From: Job and Josh Lyman

Dear Donna,

Matt shared Josh's email with me and I should tell you that nobody is mad at you. I should also mention that I smacked upside his head for asking you directly if Josh was seeing anybody. We had a bet and he was trying to cheat. I apologize for any discomfort he may have caused and assure you that my husband will be in the doghouse for some time to come over this one. I should also say after Josh's email you have officially been outed and further denials will be futile. You and I will have to discus Josh and Maui in greater detail later. If I have to suffer you calling me mam, I think the least you could do is dish on the man who is responsible for my suffering. While we're on the topic of the email despite the assurance of everyone that you are apparently a special case; (which we will discuss in detail later and further proves my point that you are the right person for the job), and normally a senior assistant does not out rank a senior advisor there is a flurry of activity caused by the comment that you out ranked top tier advisors. Otto and Bram are demanding administrative flow charts for the last dozen administrations in addition to the implementation of a flow chart for this administration for Santos 1 that includes assistants and figuring out where they would stand. Rona is walking around like the cock of the walk crowing about The fact that as the President Elect's executive assistant she would beat least 2 tiers above Senior Assistant to the Whitehouse Deputy Chief of Staff she must out rank just about everybody. Frankly I haven't seen her this spunky since she broke up with her last serious girlfriend.

I apparently didn't make my case clear enough so let's see if I can do it in writing better than I did in person. You are the top and only name on my staffing list. I talked with current First Lady Bartlet as well as Amy Gardner, (who in all honesty has been my friend for that last couple of years) and Lilly Mays (whom had nothing positive to say about the man you are currently sharing a hotel suite with.) I don't get that by the way how can you spend a week showing me these palatial estates and then fly coach half a dozen time zones and then spend a week in a 2.5 star timeshare condo. Anyway the women I talked to all listed you as their top choice. Lilly stated that you were capable and able to navigate the press cycles. Dr. Bartlet said that iI'd be lucky to get you and that I might be able to gain some ground by pointing out that this is one of the few non west wing Whitehouse jobs and that I could offer a flexible schedule to complete any academic or other personal schedule that you may need.

Let me put this plain as I can. Matt was never supposed to be president I was never supposed to be first lady. Matt grudgingly accepted the congressional nomination on the promise that there was no way a democrat could win his district but that he could shape the debate and bring to light some issues which had far gone ignored by our district's federal representation. Then low and behold after 6 count them 6 long years in Washington we were going to once again be a family and then Josh Lyman shows up at our door one Christmas Eve and next thing I know my children will each have a team of bodyguards for at least the next 29 years. I am out of my depth and out of my liege. I am going from junior congressmen's wife from the great state of Texas to being someone who is going to have books written bout me long after I am dead. I need help You're the best person to help me, and the rest is just incidental. I haven't sworn in months which when you get to know me is huge. I'm losing myself. I spend my days looking at mansions and at china patterns, listening to pitches about the political ramifications of where we send our kids.

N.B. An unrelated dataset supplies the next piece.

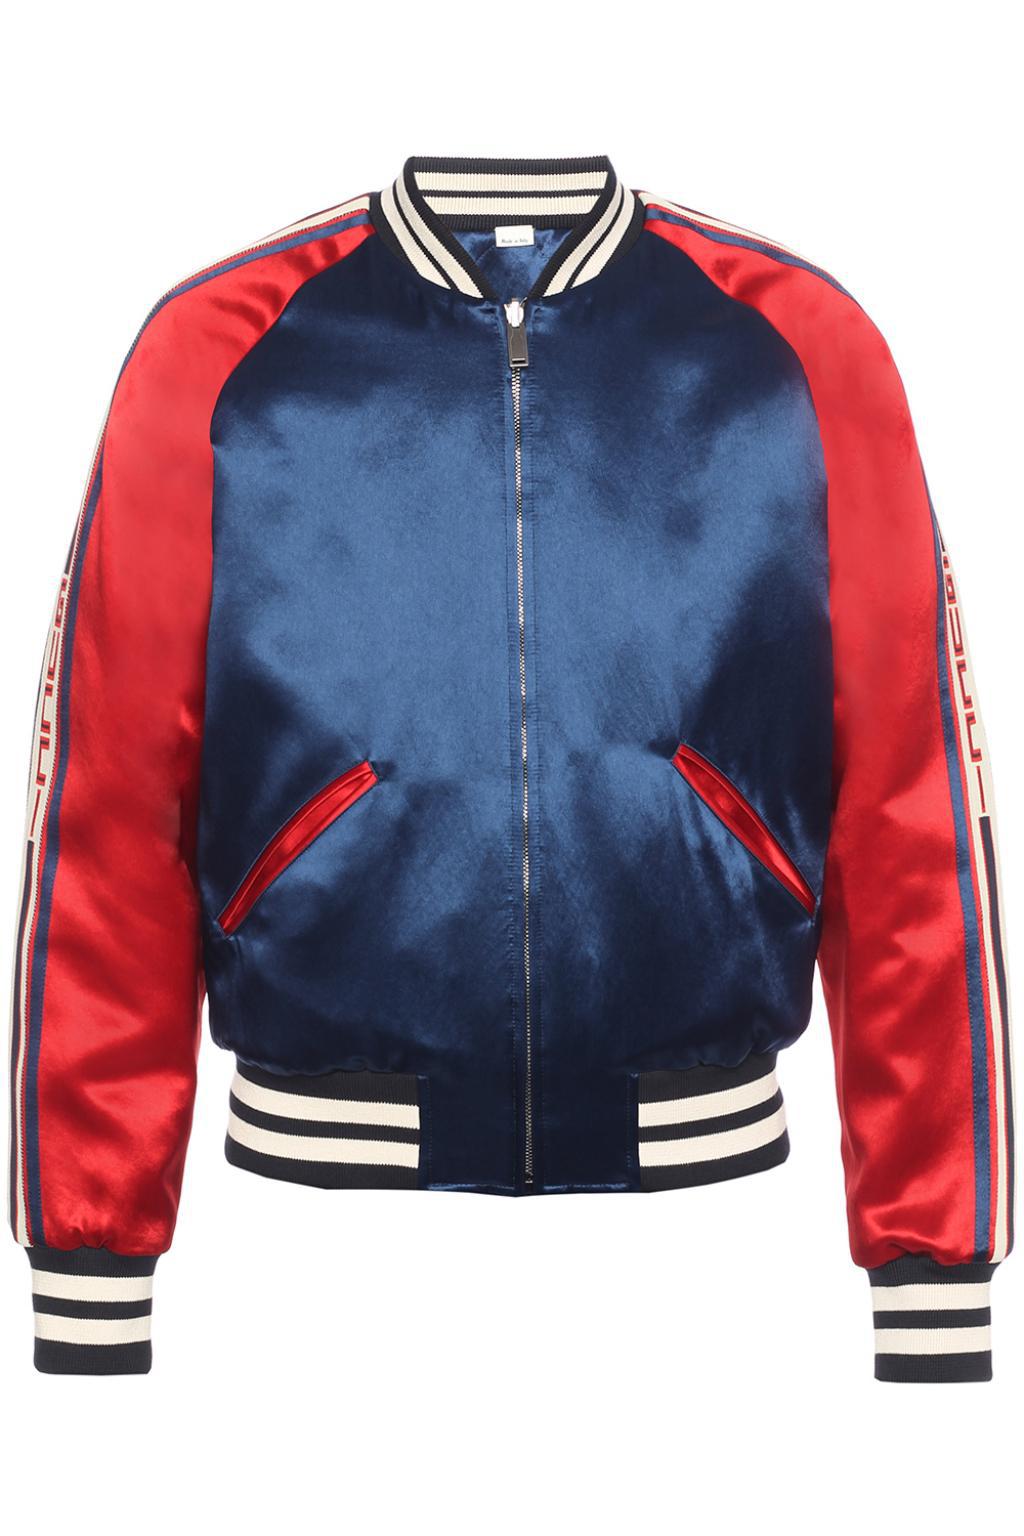 Gucci Stripe Reversible Acetate Bomber in Blue, Red (Blue) for Men - Lyst

I swear I'm going to hurt the next person that talks to me about using my children's future to score some cheap political points, unless you agree to come on board as my Chief of Staff then I might be persuaded to hold off a week before maiming anyone.

I hope to hear from you soon.

Helen Santos First Lady in training and hopefully future employer

P.S. What's the deal with this Sam Seaborne character that is filling in for your bed warmer?


Author's note I may or may not have been drunk off my behind for these last couple of chapters. I apologize; I will reread and edit them on a day when I actually had a good day at work and haven't consumed a case and a half of Hornsby's.